On February 26, the American Bar Association’s (ABA) Center for Human Rights issued a white paper on the U.N. Arms Trade Treaty (ATT), which concludes that “the proposed ATT is consistent with the Second Amendment.” This conclusion neglects important facts about the treaty and the processes surrounding it, which we have explored in this four-part series.
We have shown that while we agree with several of the ABA’s contentions, it ignores the fact that the ATT—like many treaties—is not designed for a nation with a federal structure like the U.S. The ABA also ignores the fact that the ATT goes beyond import restrictions on firearms by requiring signatories to prevent the domestic diversion of imports.
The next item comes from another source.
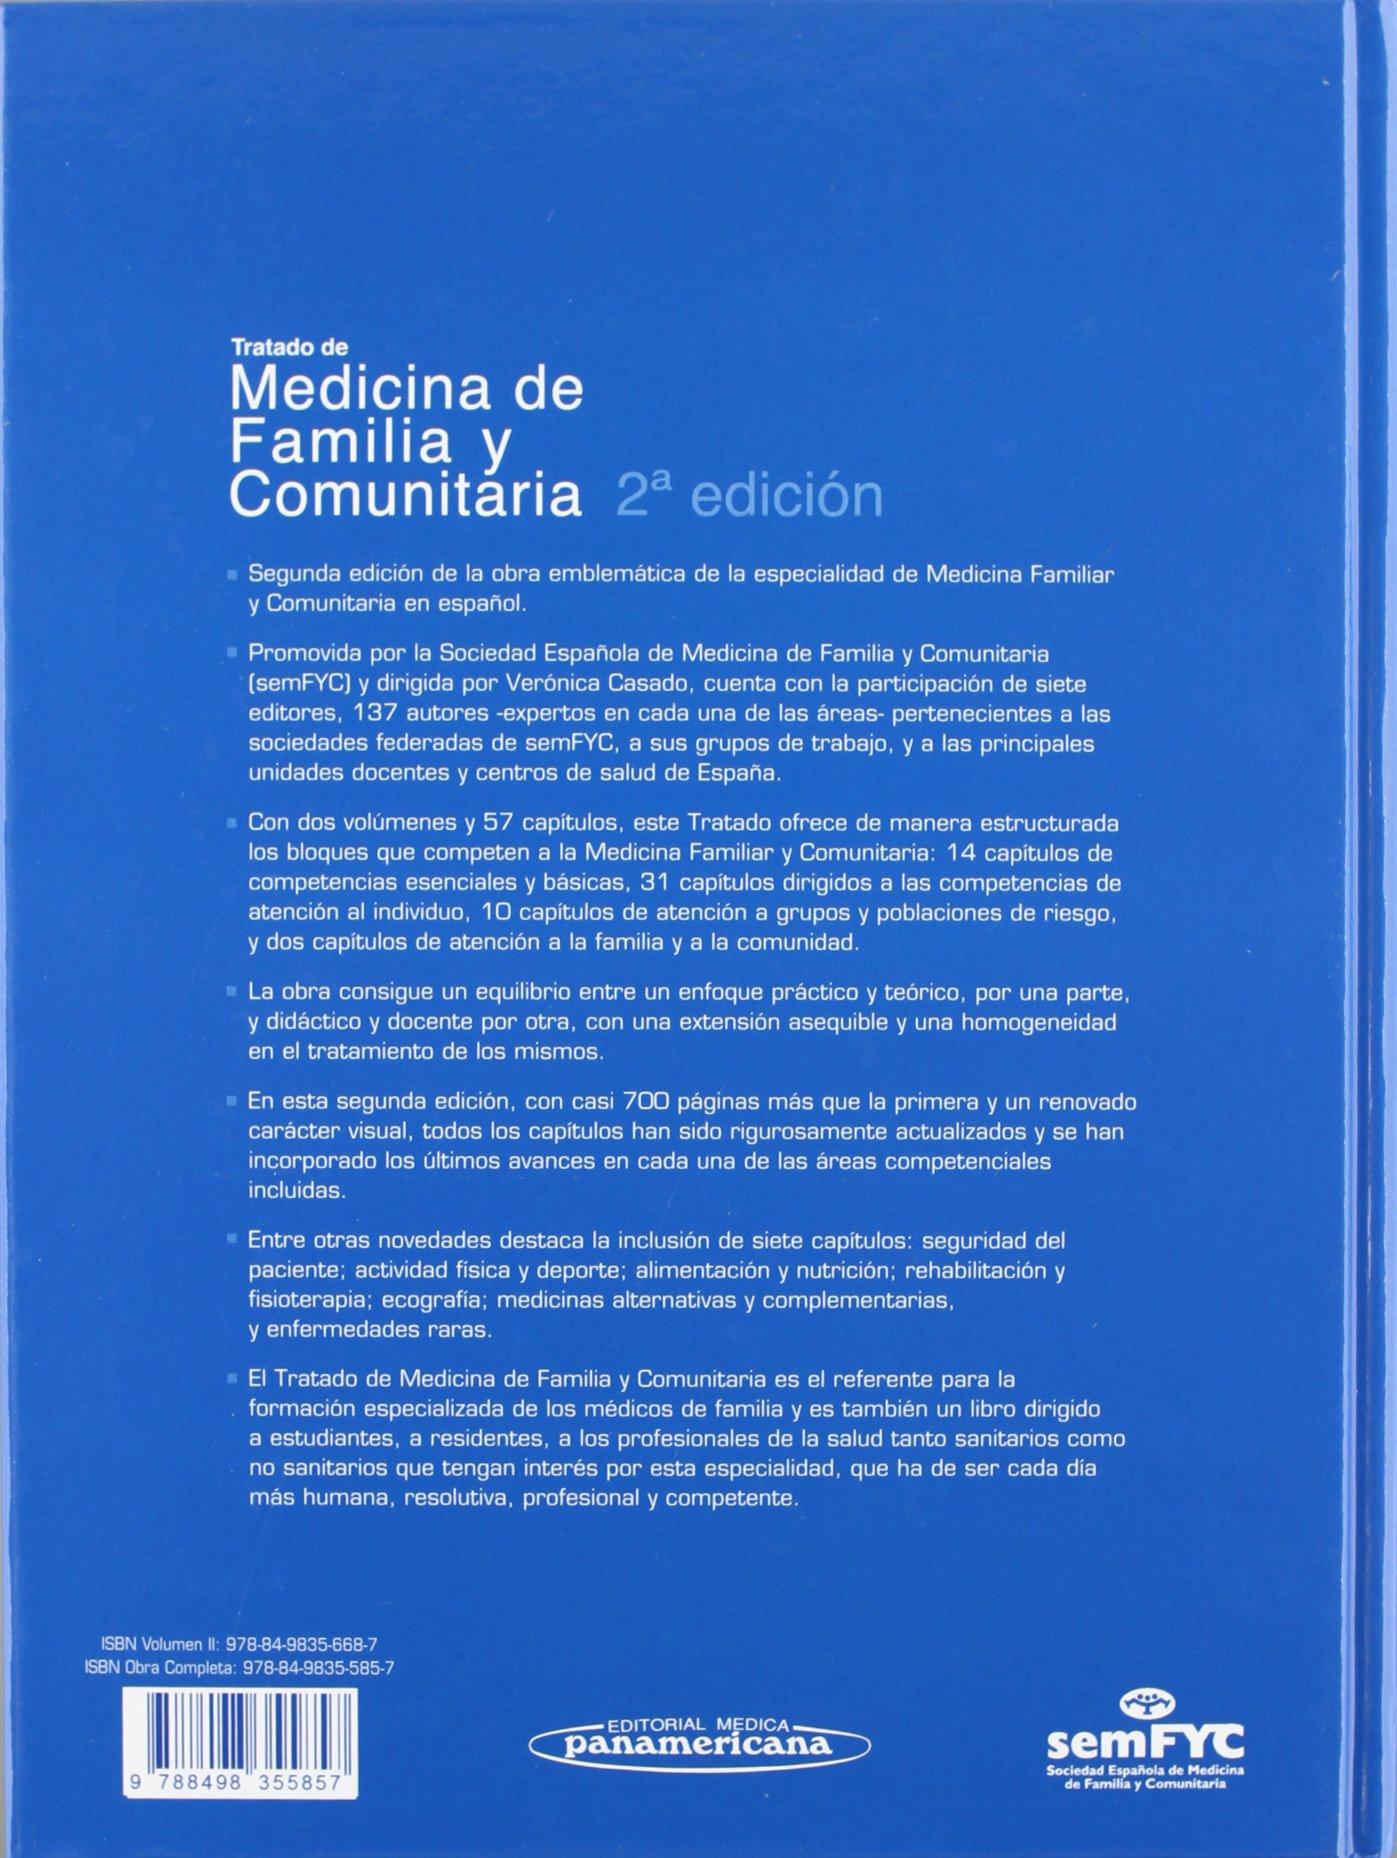 SEMFYC:Trat.Medic.Famil.Comunit.2aEd-2T: Amazon.es: Sociedad Española de Medicina de Familia y Comunitaria: Libros

The treaty may also invite the executive branch to take executive actions to restrict and control the import of firearms into the U.S., imports which comprise about 35 percent of the new firearms market.
Finally, the treaty raises broader concerns about the application of transnational law to the U.S. These concerns are heightened by the fact that both foreign nations and some prominent legal scholars have identified treaties like the ATT as a mechanism to pressure the U.S. to change its domestic policies, and even to change the interpretation of the U.S. Constitution, including the Second Amendment.
The question, then, is what the U.S. should do about this. The U.S. is sensitive to allegations that it is failing to fulfill treaty commitments, and it rightly takes its treaty obligations seriously. Because the ATT is a process that is designed to evolve and grow, it is impossible to know where it will lead.
A new ATT conference begins today in New York, and we will be blogging from the conference.
Supporters of the ATT frequently defend it as entirely unrelated to the Second Amendment. Some opponents of the ATT criticize it as a nefarious plot against the Second Amendment. The truth is more complicated: The ATT poses a series of prudential risks in many policy areas, including foreign policy and domestic commerce; risks that may evolve over time.
For these reasons, the U.S. cannot safely sign or properly ratify this treaty. The U.S. should therefore make it clear that, if an ATT is negotiated, it does not recognize the treaty as customary international law, or as imposing any obligations upon the U.S.